Please tell me what am I assuming wrong.
Thanks
Please tell me what am I assuming wrong.
Thanks
Dick said:Just showing that the value of a function is '-infinity' at a point and zero otherwise doesn't tell you it's a delta function. Apply the divergence theorem to grad(1/r) on a sphere around the origin to figure out how much 'charge' is there.
The Dirac Delta function, denoted as δ(x), is a mathematical function that represents an infinitely narrow and infinitely tall spike at the origin (x=0) and zero elsewhere. It is commonly used in physics and engineering to model point sources and impulse signals.
The Dirac Delta function has three main properties: it is infinitely tall, it is infinitely narrow, and it integrates to 1 over its support. This means that the integral of the Dirac Delta function from negative infinity to positive infinity is equal to 1.
The Dirac Delta function can be thought of as a mathematical representation of an impulse or a point source. In physics and engineering, it is often used to describe the behavior of point masses, point charges, and point forces.

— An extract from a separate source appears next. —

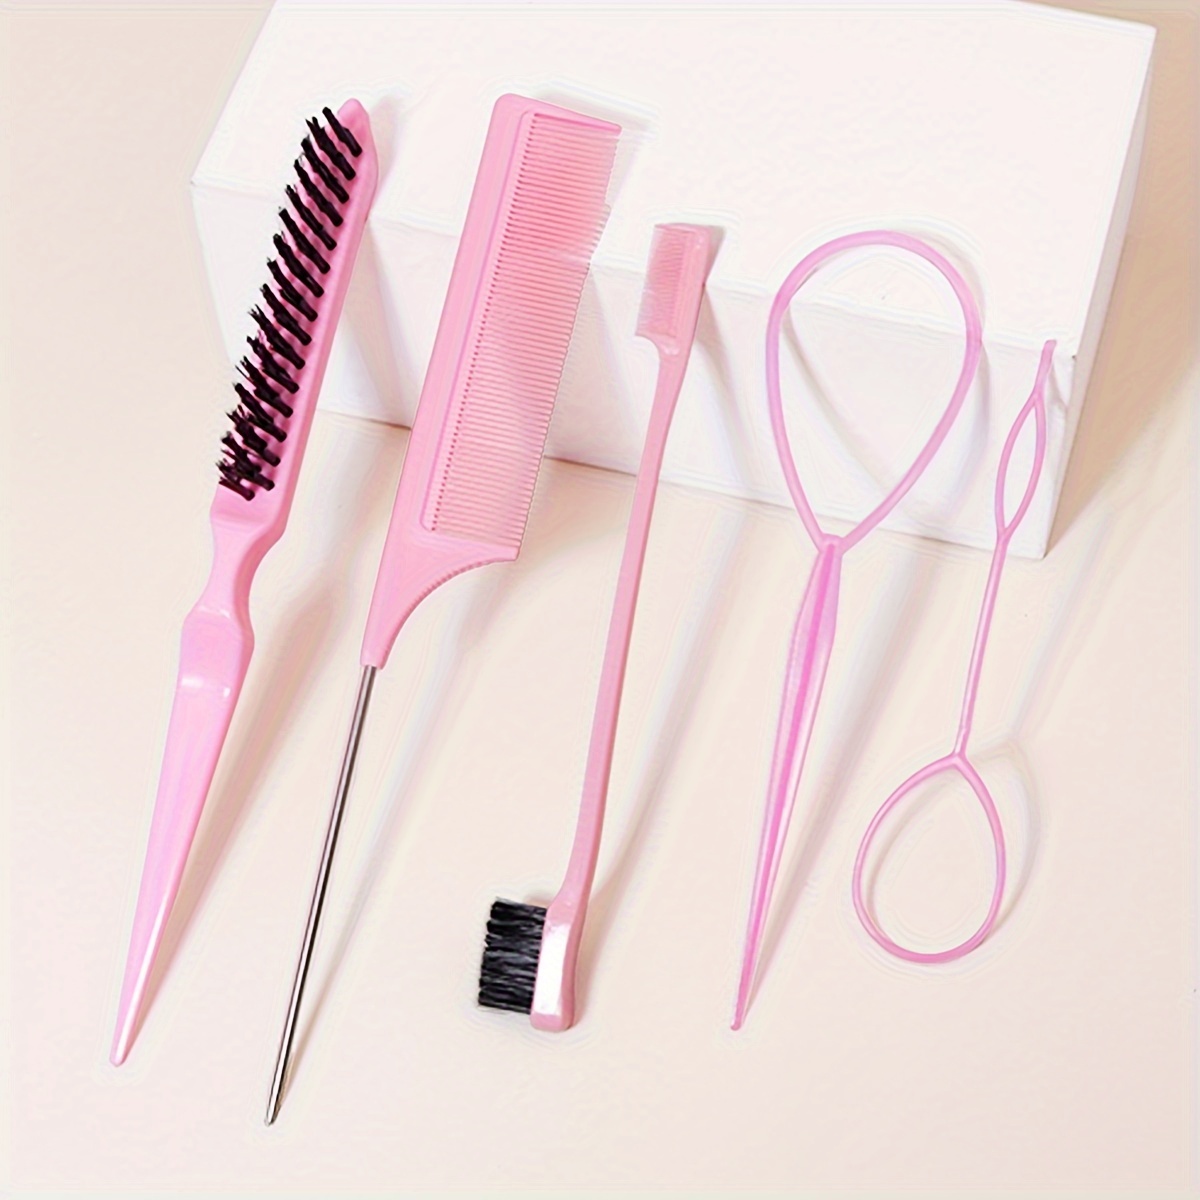 

5pcs/set Hair Styling Tool Pointed Tail Comb Hair Edge Brush Double Head Brush Eyebrow Brush Hair Buns Makers Hairdressing Accessories Travel Essentials

The Dirac Delta function has many applications in physics and engineering. It is used to model point sources in electromagnetic fields, to describe the behavior of particles in quantum mechanics, and to solve differential equations in engineering problems.
The Kronecker Delta function, denoted as δij, is a discrete version of the Dirac Delta function. It takes on the value of 1 when the two indices i and j are equal, and 0 otherwise. In other words, it is a discrete version of the Dirac Delta function with a finite number of possible values.